Now, when an RNN sees an input sequence (I have 2 cats and want one more.), it breaks it down into tokens. We won’t pretend to know what this looks like but it will be a vector of arbitrary length like [w1, w2, w3 … wn]. Since the model is looking at a fresh sequence, the hidden state is h0 = 0 (or some other initialization, this whole article is a gross oversimplification). The RNN is now going to go over each of the n tokens and calculate a new hidden state for each which depends on the current token and the previous hidden state. hn = f(wn, hn-1)$

This is a classic recurrence relation. Here, now hn-1 further depends on hn-2 and so on. so to calculate hn – we must calculate n states - right from h1 to hn. Hence, this means - the longer a sequence, the longer it takes for the RNN to compute hidden states.

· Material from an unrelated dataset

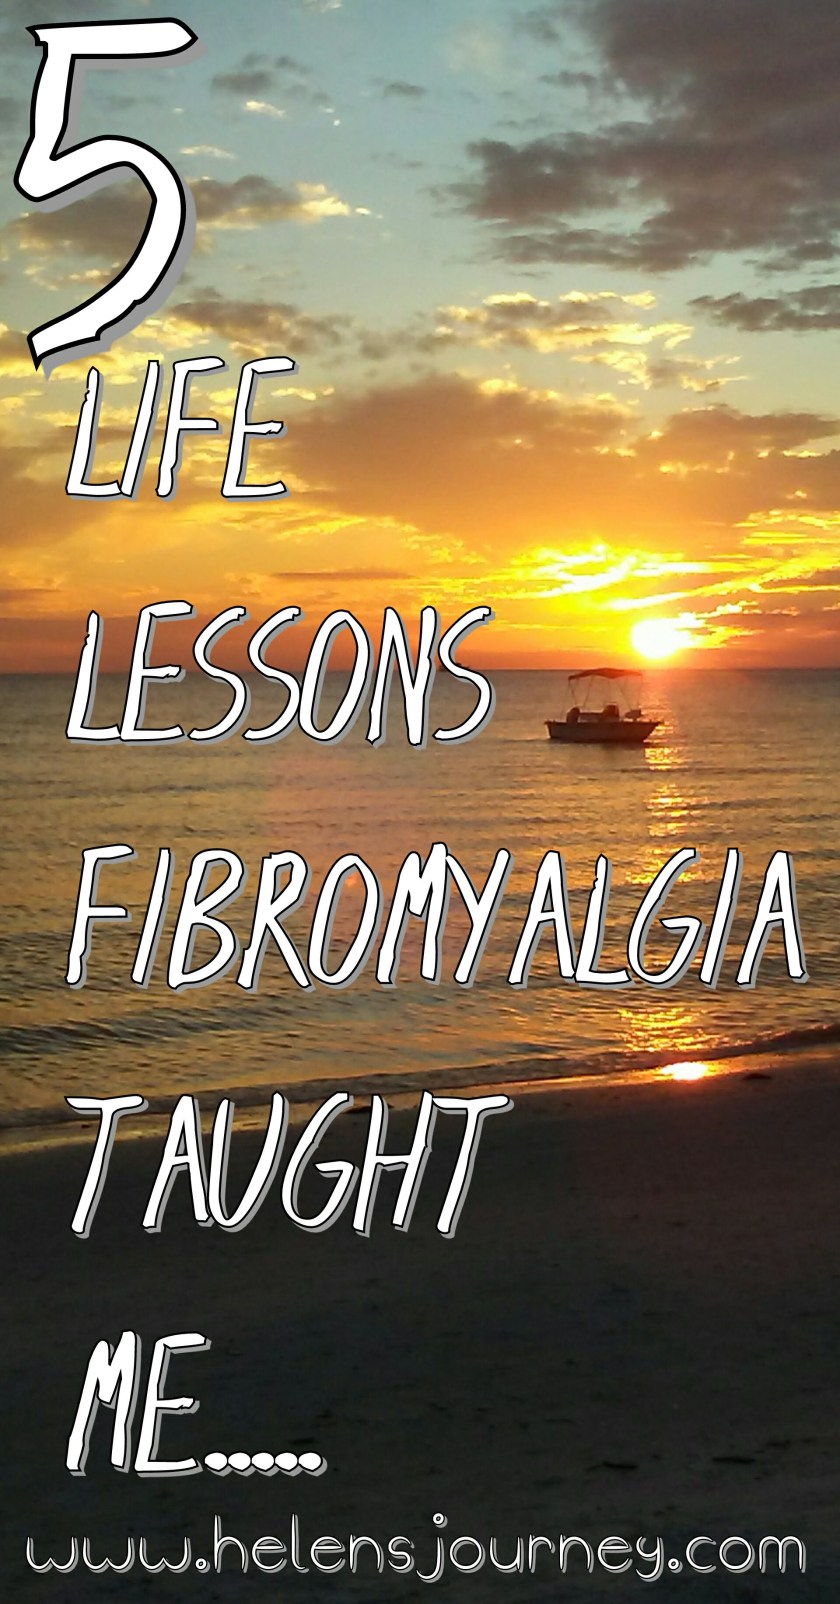 5 life lessons fibromyalgia taught me by Helen's Journey blog www.helensjourney.com

The “encoder” of the RNN is responsible for calculating these hidden states. The output is the last hidden state hn which depends on all tokens and contains the entire context of the sequence.

But where does the output come from?

The “decoder” of the RNN uses the input sequence “context” generated by the encoder to then give us a sequence. The decoder is a second auto-regressive RNN. Autoregressive means every subsequent output token depends on all the previous tokens. To start with, the decoder only has hn and the previous outputs - []. This is empty.

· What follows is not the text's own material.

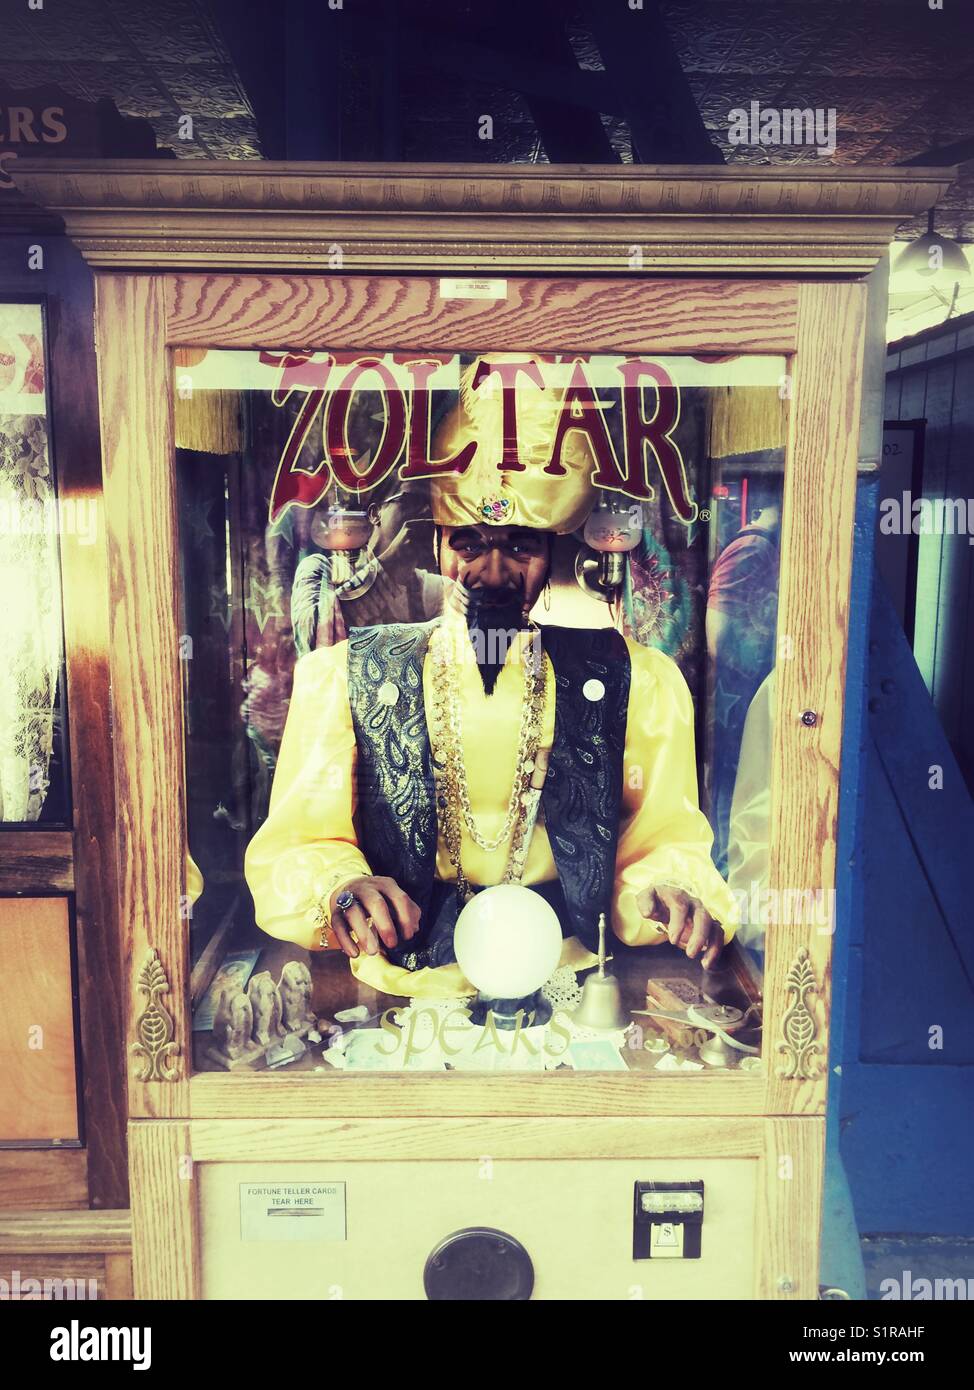 Zoltar fortune telling arcade machine, Coney Island, Brooklyn, New York, United States of America. Stock Photo

\[h_{d0} = h_n\] \[y_{1},\ h_{d1} = f(h_{d0},\ [])\] \[y_{2},\ h_{d2} = f(h_{d1},\ [y_{1}])\]

$y_{3},\ h_{d3} = f(h_{d2},\ [y_{1},\ y_{2}])$ and so on.

the final output of the model is [y1, y2, y3, … yk]. This doesnt look like a sensible output but it could read like -

Me - I have 2 cats and want one more. RNN - You’ll have three cats then.

Now this looks like a theoretically perfect system. However, there were lots of practical challenges with RNNs. One is that with longer sequences - hn just cant hold enough context for the decoder to generate valuable responses. There is a problem of calculating relatedness between tokens thar are far apart.
Second, hn takes longer to calculate with longer sequences. Third, this calculation HAS to be done sequentially. There is no way to paralellize this. And in recent years, we’ve been using GPUs which are great at performing parallel tasks to optimise all kinds of compute - ml and otherwise. To make RNNs both faster and more GPU friendly means parallelization.

An improvement over the basic RNN was the LSTM – this is an RNN that can decide what information to store and what to toss. It can look at longer sequences but eventually runs into the same problems.

LSTMs were very successful (even commercially) as single purpose models where one expected a model to be trained on very specific data and then to be used to predict the same. However, the GPT we know so well now was well underway.

GPT - What’s that?

GPT - Generative Pretrained Transformer is a Transformer offshoot. Transformers themselves were demonstrated by Vaswani et al. for language translation tasks. Similar to the RNN described above, the transformer also have an encoder and decoder stack. Even in terms of responsibilities - the encoder understands the input and the decoder produces outputs in an autoregressive manner. What they got rid of is recurrence. Recurrence is what makes this slow and expensive. Recurrence is what makes this sequential. Now, recurrence is what makes relationships between two distant tokens possible in RNNs. How else could we still recognise relationships but do it non sequentially?

What this paper suggests is we represent the sequence as an embedding vector and calculating how much each embedding “attends” to every other embedding in the input. “Attending” to something is an arbitrary non commutative function which will be discussed later with all its nitty gritties. What is key here is that it is a one shot calculation for the entire sequence.

Does this do the things we were using recurrence for?

This does preserve relationships between tokens.

What does it do better than recurrence? This ensures that the computation is more or less constant for all sequence lengths. It is better at calculating long range dependencies, 0 and nth row are compared the same way as (n-1)th and nth row. We can now parallelize and really tap into GPU power.

To summarise, we’ve been trying to create non trivial sequence to sequence models for a while and GPT represents the first widespread success to break out of research and industry circles.